Jun 13 2020

Name That Algorithm #4

One project that I have been working on recently is gathering property tax information. While the reason isn’t particularly interesting, what is interesting is my recent optimization. Previously, I had been archiving the raw html files. To get the information in a human readable CSV format, I ran a Node.js parser which utilized cheerio. I was only concerned with a couple of the fields, so I just plucked those out and plopped them in a CSV.

After about 6 months of using this tool, the pain points started to set in. Processing an html file in Node and cheerio ended up taking roughly a half second per file. When you have approximately 40,000 files, this takes a long time – over five hours.

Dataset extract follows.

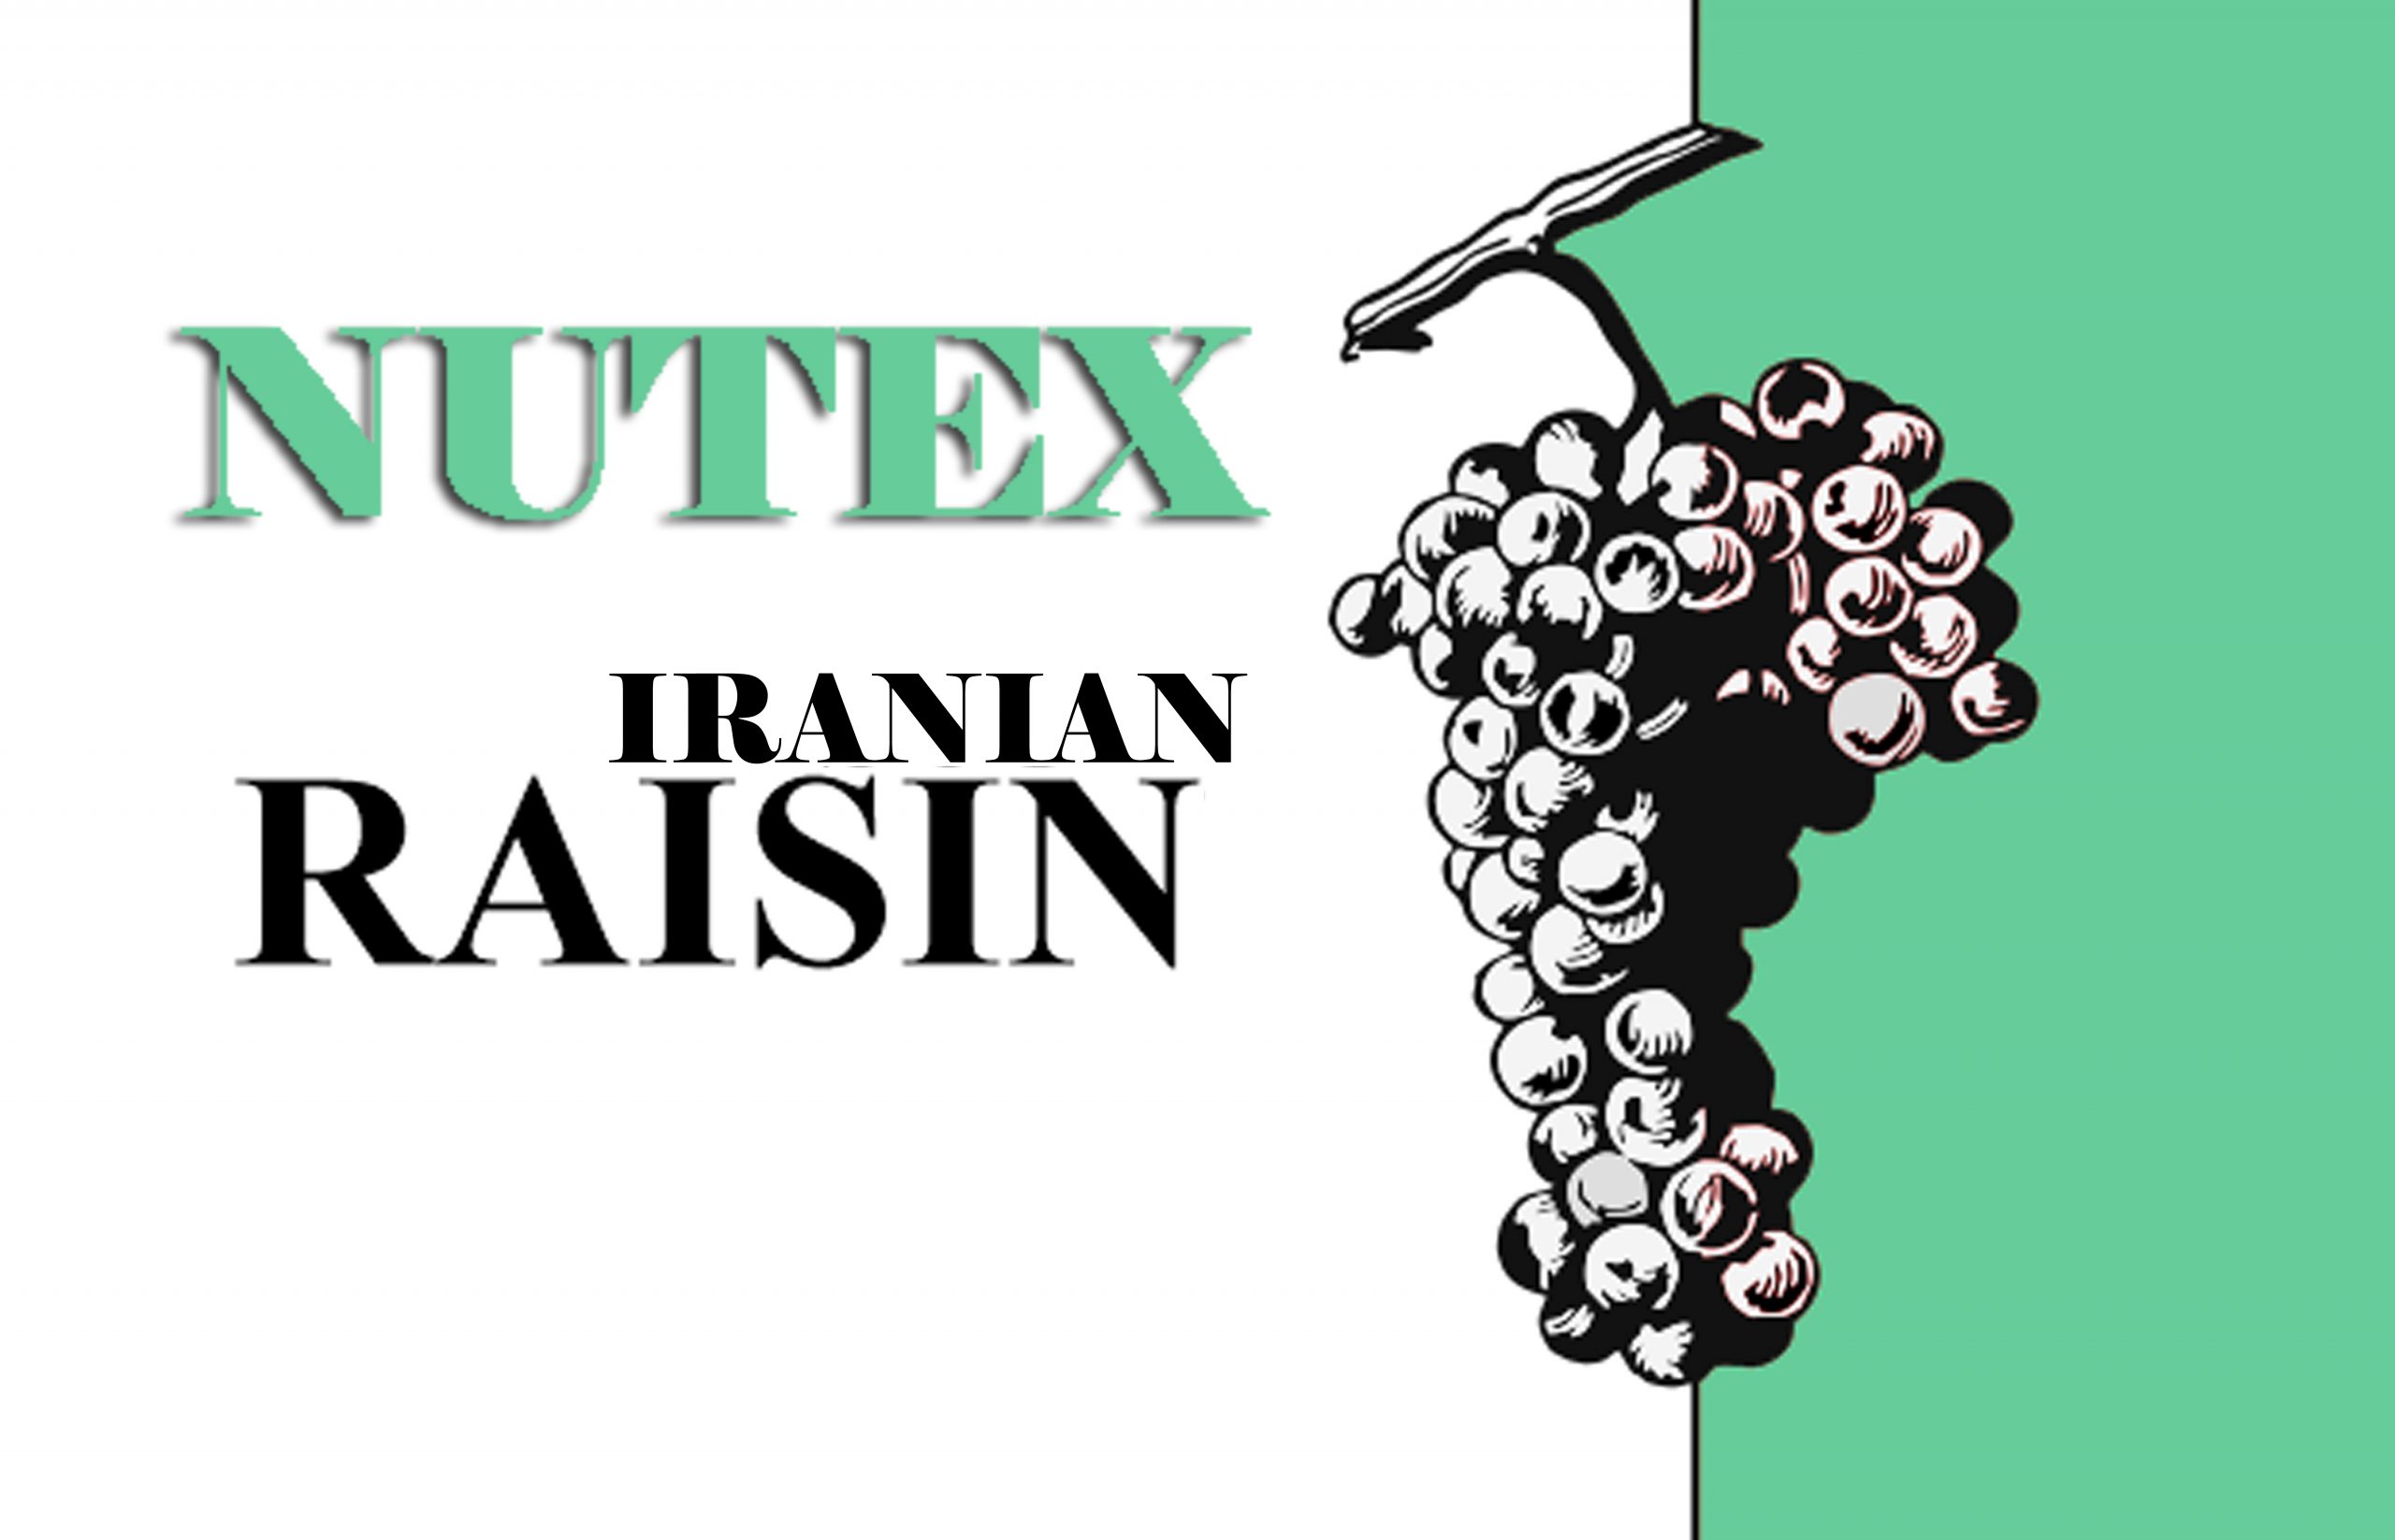 Raisin Factory - The Best Producer of Iranian Raisins - Nutex Company

There are two low hanging fruit to attack:

Cheerio claims that it is a blazing fast DOM. However, in my case, I didn’t need an entire DOM. I just want to linearly parse my data. Manipulating and rendering is not needed. I had a feeling that the extra bells and whistles held some overhead.

It is common in coding interviews to have data preprocessing as part of a solution to a whiteboard problem. With this being a common in big-data, I knew this to be a solution to my issue

Let’s name the algorithm for processing this data. Instead of showing an algorithm that requires optimizing, I am going to show some data that needs to be processed.

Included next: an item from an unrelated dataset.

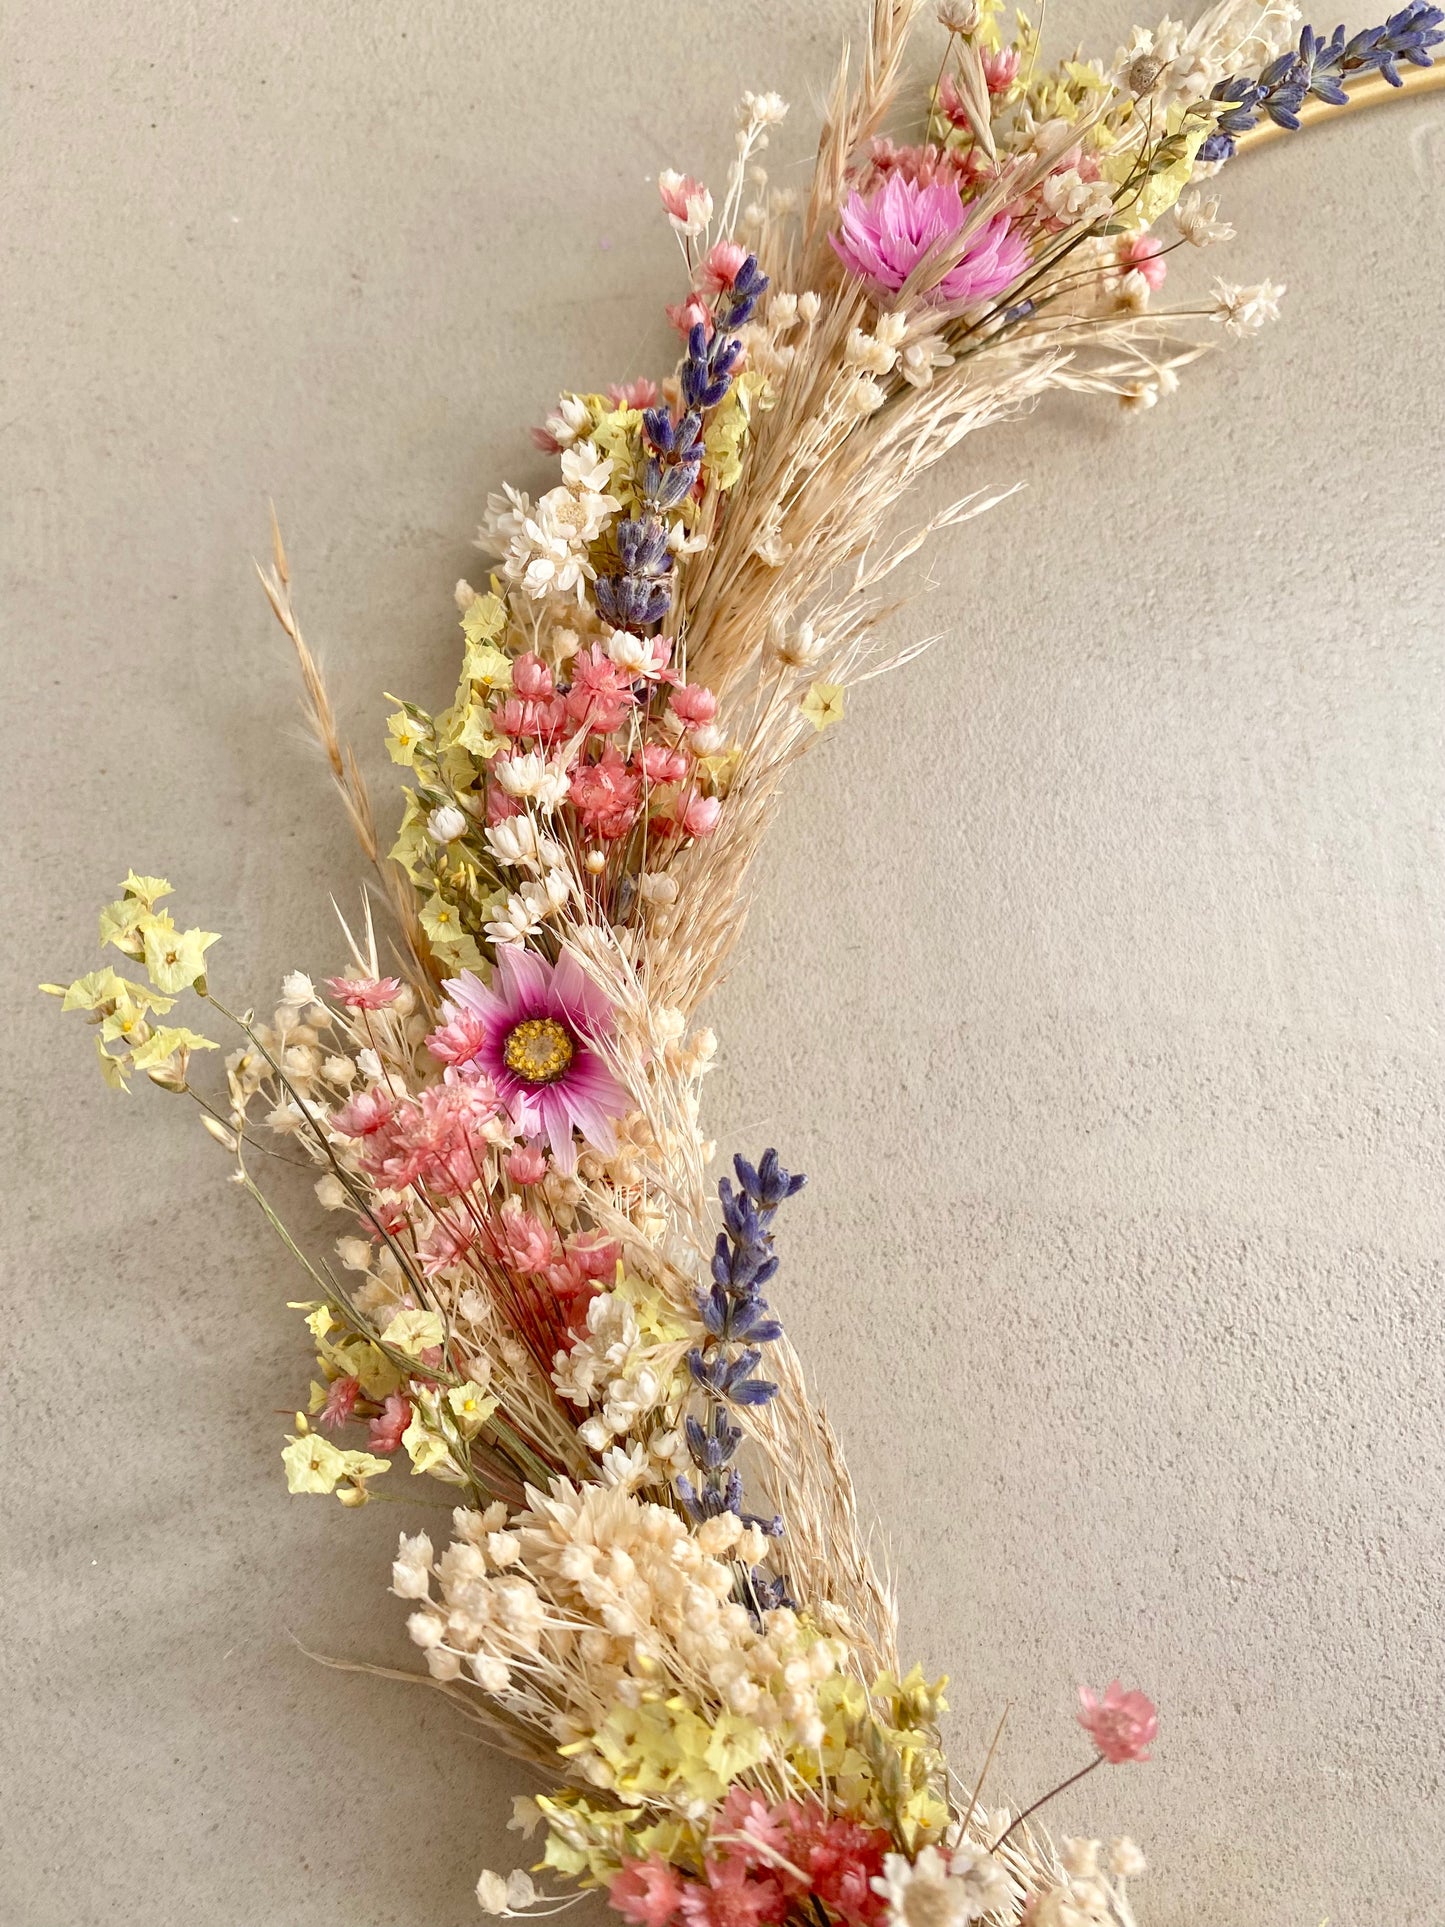 Atelier couronne fleurie & Brunch 💐 🥞- Dimanche 17 septembre

Consider some tabular data of tax payments on a property. In my case this was an HTML table:

| Status | Payment Date | Type   | Amount | Receipt Number |
| Paid   | 01/01/2020   | A      | $1000  | 1234           |
| Paid   | 02/01/2020   | A      | $1000  | 1235           |
| Paid   | 03/01/2020   | A      | $1000  | 1236           |

The tool I chose for the job is Pythons built-in html.parser. It is fairly easy to use the handle_data override to extract the above into an array. I knew that this was going to by snappy since this underlying parser is compiled into bytecode.

  'Status', 'Payment Date', 'Type', 'Amount', 'Receipt Number',

Now that Python has processed my data into a flat array, we need to label this information, similar to the table above. More specifically, I want something like:

    'Status': 'Paid',
    'Payment Date': '01/01/2020',
    'Type': 'A',
    'Amount': '$1000',
    'Receipt Number': '1234'

What algorithm is this? Scroll down for the answer.

I felt it makes sense to use chunk. Since it is guaranteed that empty cells (<td></td>) parse as empty string, we don’t need to worry about offset issues. The result of chunk yields:

  ['Status', 'Payment Date', 'Type', 'Amount', 'Receipt Number'],

Now it’s pretty trivial to get this in the desired object format. Chop off the 0th index and then access each sub-index per attribute. You can even use the invokeMap algorithm if you want to get fancy. Happy coding!